In severe: in the late 1980s, it was plenty to be Bayesian. Or, perhaps I should decide, Bayesian data analysis was in its artisanal revolution of time, and we tended to be blissfully uninformed about the dependence of our inferences up~ subtleties of the functional forms of our models. Or, to utter a more positive spin on things: when our inferences didn’t make judgment, we changed our models, hence the methods we used (in concoct with the prior information implicitly encoded in that clear-sounding phrase, “make sense”) had upper hand statistical properties than one would reflect based on theoretical analysis alone. Real-globe inferences can be superefficient, as Xiao-Li Meng efficiency say, because they make use of silent knowledge.
In recent years, however, Bayesian methods (or, added generally, regularization, thus including lasso and other methods that are alone partly in the Bayesian fold) esteem become routine, to the extent that we poverty to think of them as defaults, what one. means we need to be concerned here and there . . . their frequency properties. Hence the re-emergence of truly empirical Bayesian ideas like as weakly informative priors, and the re-emergence of research on the systematic properties of inferences based attached different classes of priors or regularization. Again, this aggregate represents a big step beyond the traditional classification of distributions: in the rude or empirical Bayesian perspective, the suitable properties of a prior distribution be pendent crucially on the data model to that it is linked.

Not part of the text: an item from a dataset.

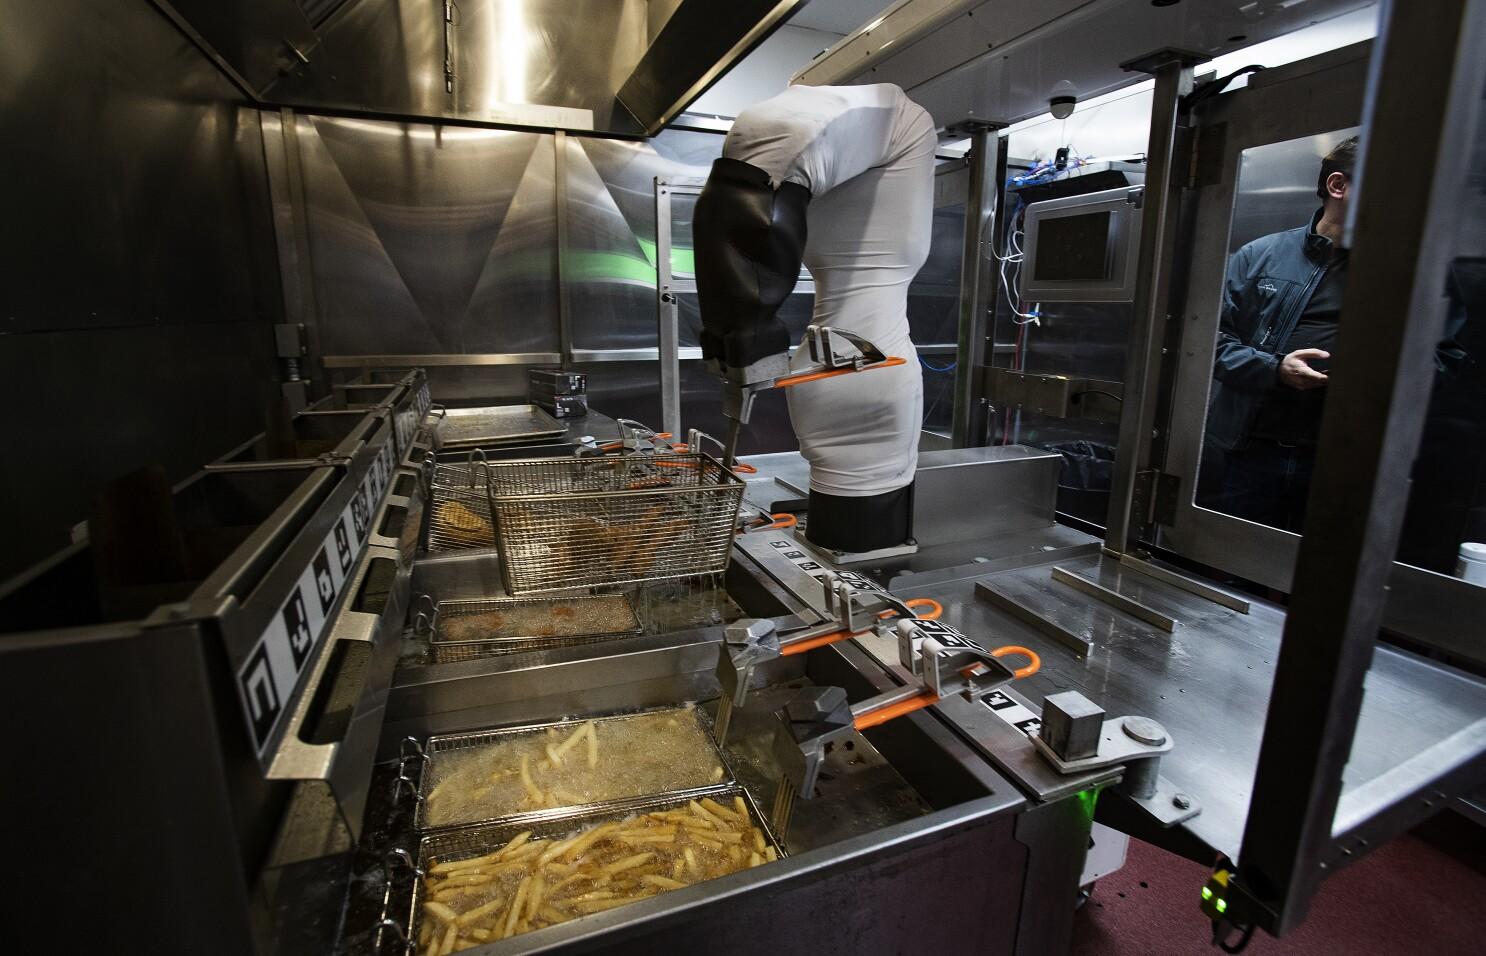 Miso Robotics - Flippy And The Robotic Future For Restaurants

So, over 25 years subsequent to taking Carl’s class, I’m continuing to observe the centrality of his work to present statistics: ideas from the early 1960s that were in ~ people ways ahead of their time.
Let me conclude through the observation that Carl seemed to us to have ~ing a “man out of time” in c~tinuance the personal level as well. In 1989 he seemed ageless to us one as well as the other physically and in his personal qualities, and indeed I tranquillize view him that way. When he came to Harvard he was not young (I imagine he was about the same duration of existence as I am now!) but he had, for the re~on that the saying goes, the enthusiasm of young persons the rising generation, which indeed continues to stay through him. At the same time, he has ever been even-tempered, and I wait for that, in his youth, people remarked on the subject of his maturity. It has been intimately fifty years since Carl completed his training, and his ideas remain fresh, and I go on to enjoy his warmth, humor, and insights.
There are plane more benefits of taking in antioxidants further fighting disease as well.